An honest zero is a numerical metric that reads as 0, , or null on a public dashboard because the underlying measurement has not yet been computed against real production data. Most data-pipeline dashboards launch with synthetic baselines instead: drift at 0.04σ, recall at 0.94, schema validity at 99.4%. The numbers look right. The dashboard works as a sales asset. The team has already lost the argument with anyone who asks how the numbers were computed.

The choice between honest zeros and synthetic baselines is the first operating discipline a data-for-AI team commits to. Every later decision flows from it.

What is the difference between honest zeros and synthetic baselines?

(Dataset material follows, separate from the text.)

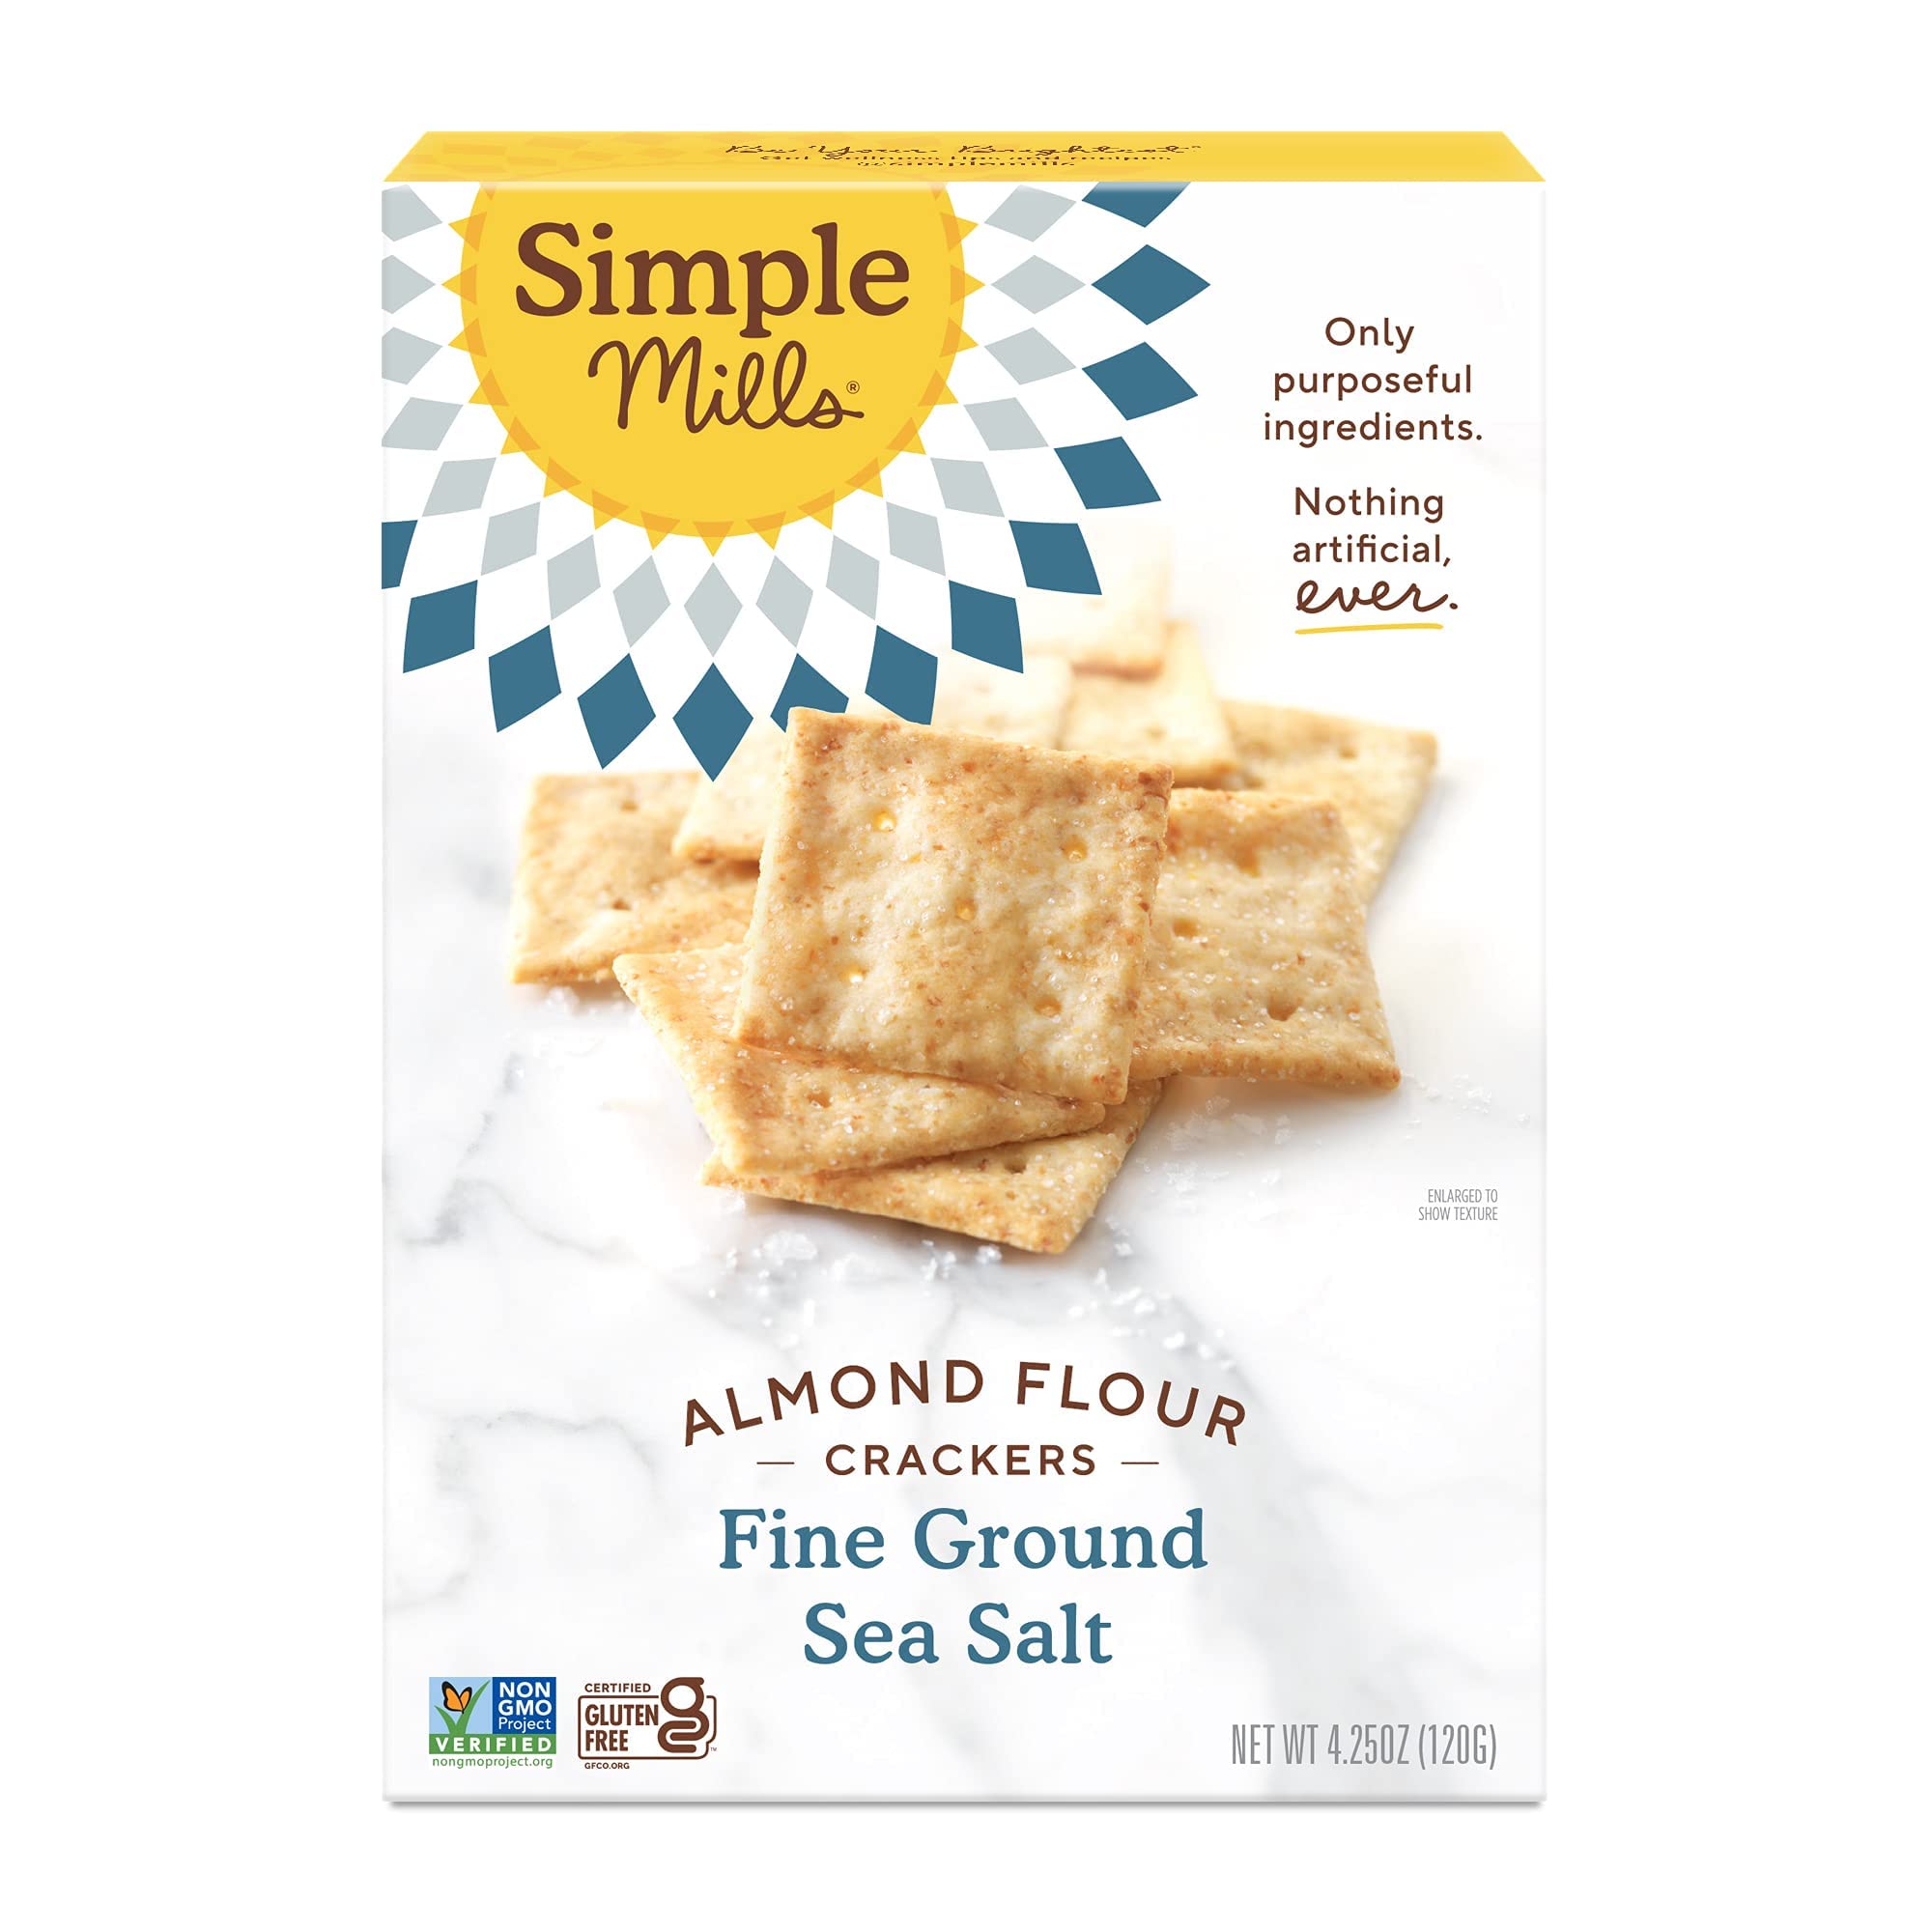 Simple Mills Almond Flour Crackers, Fine Ground Sea Salt - Gluten Free, Vegan, Healthy Snacks, 4.25 Ounce (Pack of 1) $1.99 w/ S&S Amazon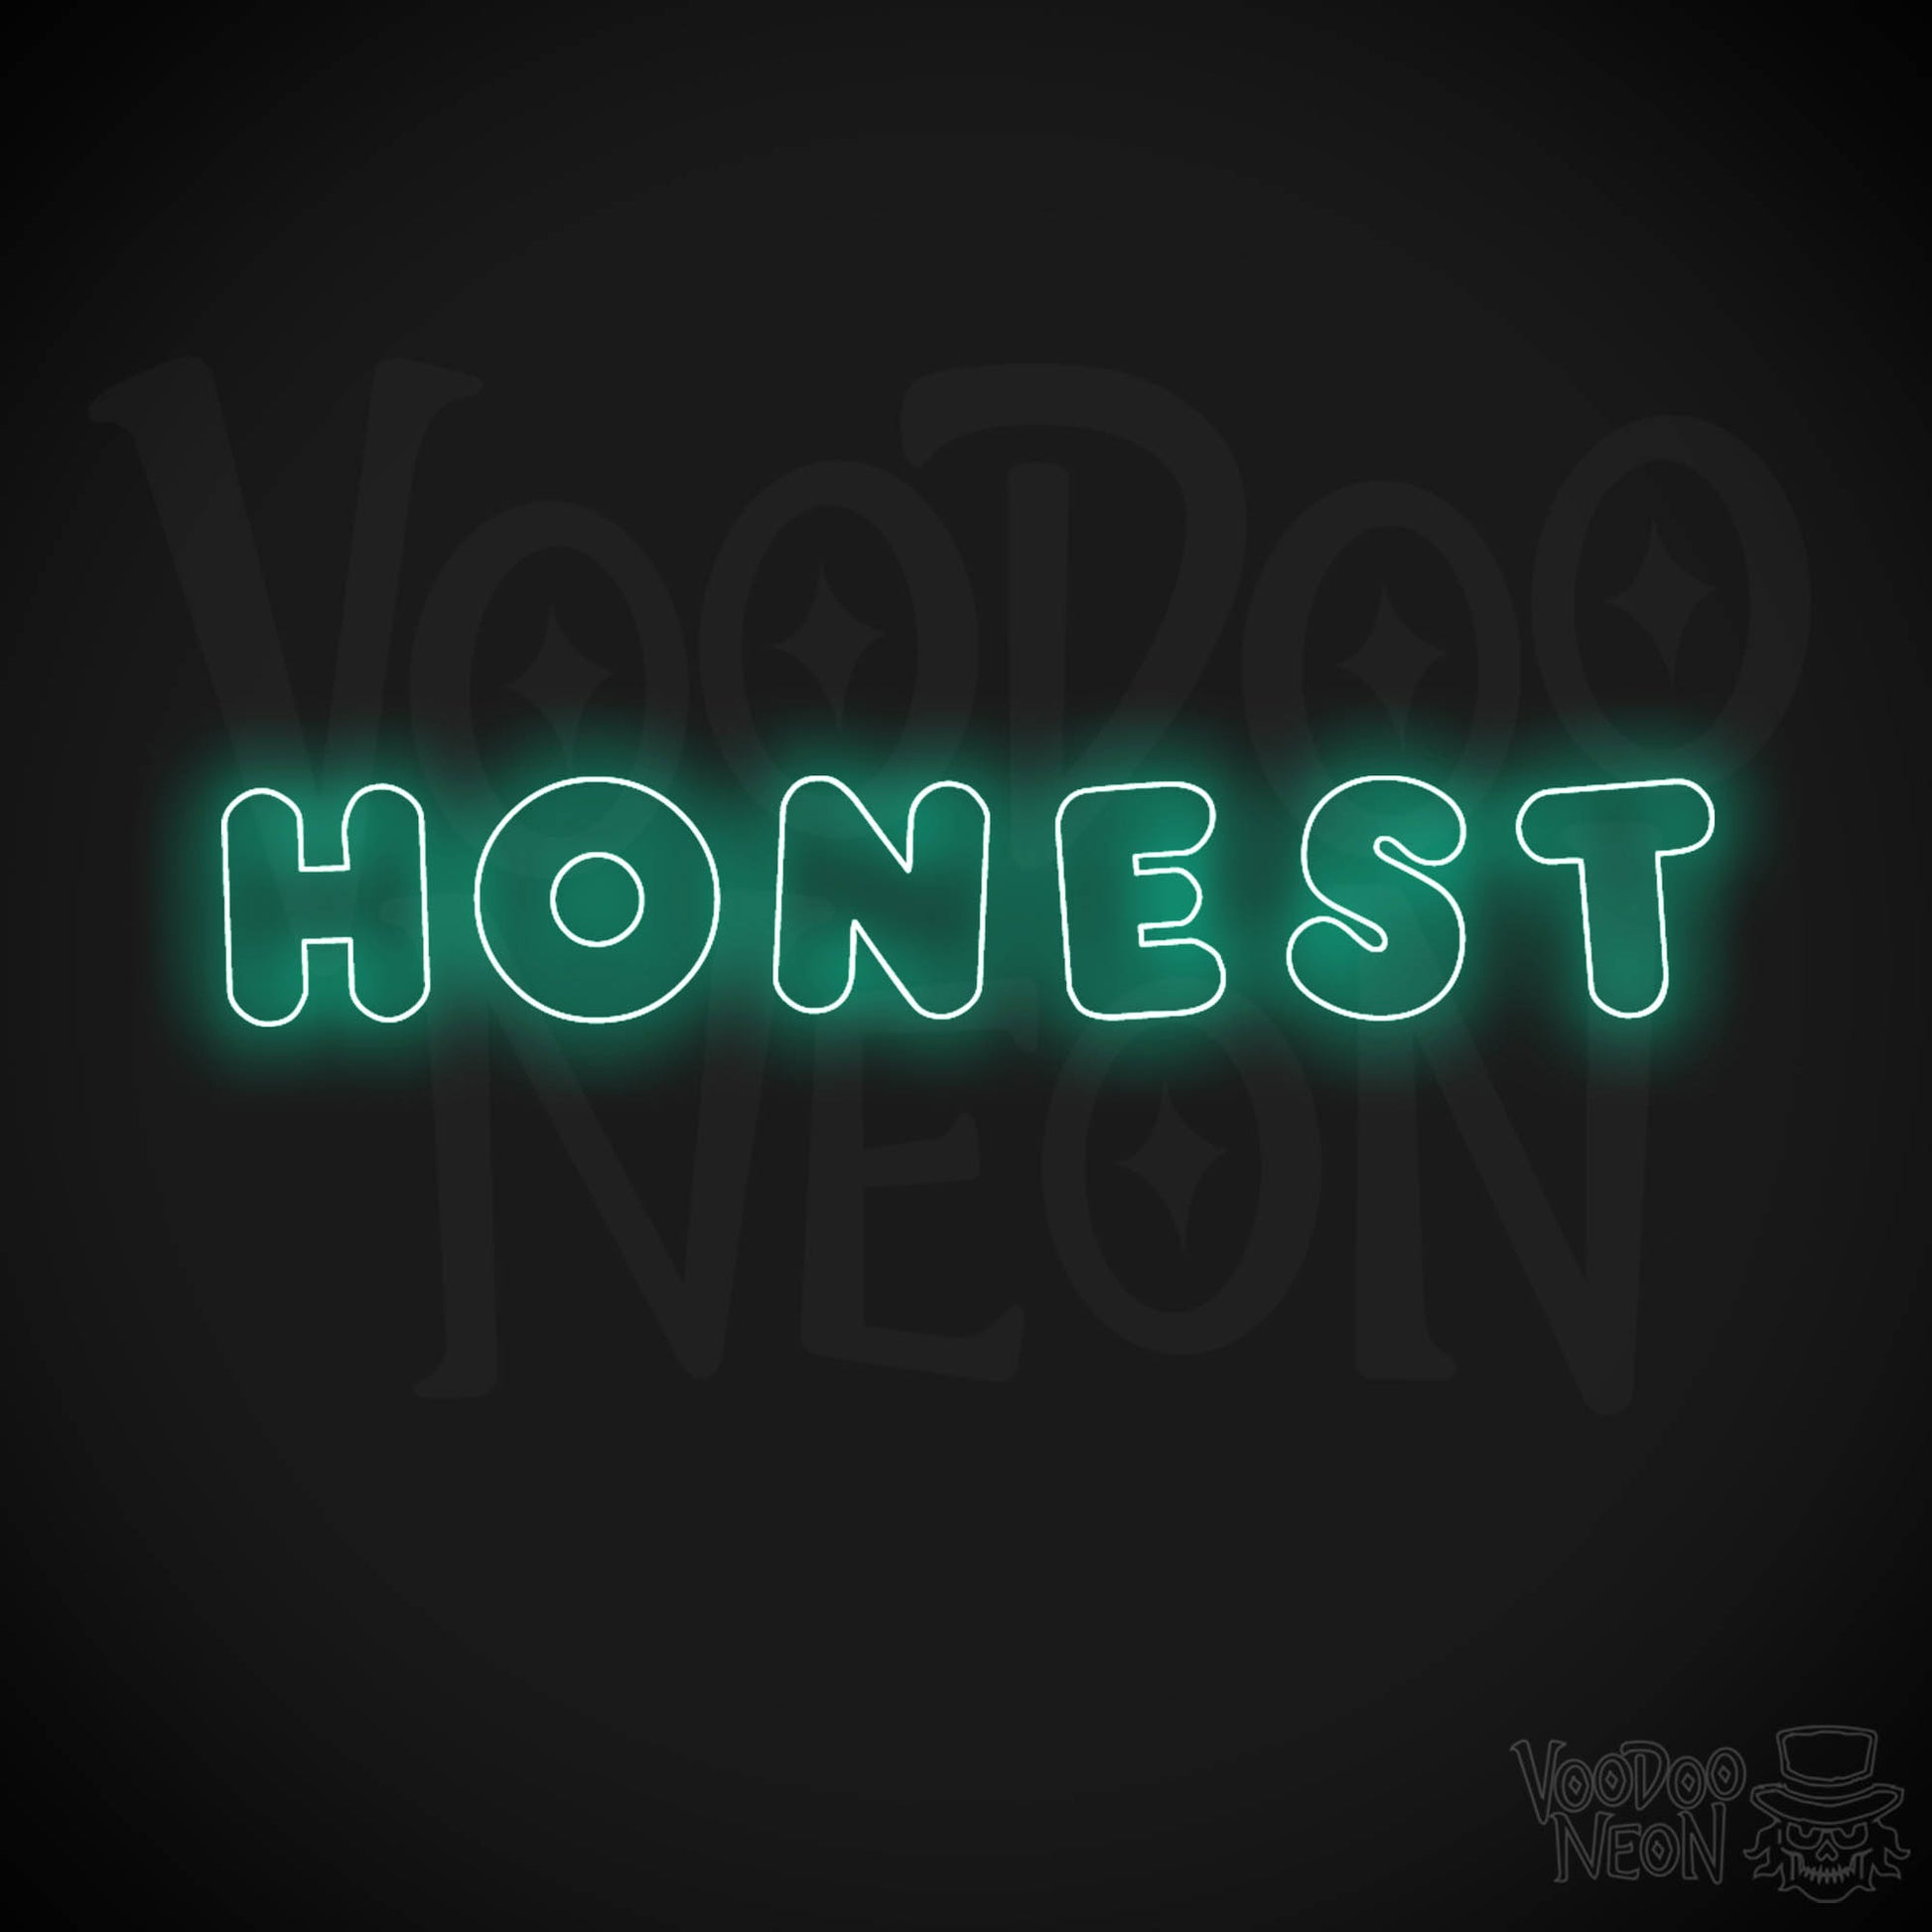 Honest Neon Sign - Neon Honest Sign - LED Neon Wall Art - Color Light Green

A retrieval pipeline at hour zero has a small set of metrics that can be computed from production state, and a larger set that cannot. The split is structural, not stylistic: drift requires a prior batch to compute against, retrieval-recall requires a held-out evaluation set to score, and schema validity requires at least one eval cycle to have run. None of those things exist on the first day of a new pipeline.

Metric Honest at hour zero? What's needed to compute
Corpora count Yes SELECT COUNT(*) FROM corpora
Vectors total Yes Sum of points across vector sinks (Qdrant, pgvector, Pinecone)
Last run age Yes MAX(completed_at) in run audit table
Records per corpus Yes Run audit table aggregation
24h ingestion success/failure Yes Run audit table grouped by status
Centroid drift No Prior batch baseline + current batch
Label-distribution KL No Prior batch label histogram + current
Retrieval recall@10 No Held-out (query, answer) eval set
Schema validity % No Baseline schema run + current records
Mean-time-to-first-byte No Quiet baseline period for percentiles

A posture-two dashboard prints real values in the top half and "—" in the bottom half, then explains nothing else. The reader who knows what these metrics are knows why "—" is correct. The reader who does not learns fast.

Why are synthetic launch numbers a trap?

Every synthetic number is a commitment to a future real number. The first time the real metric arrives, the team has either to match the synthetic baseline or to ship a regression. Teams tend to tune the metric rather than the underlying pipeline. Energy goes into making the chart green, not into making retrieval better.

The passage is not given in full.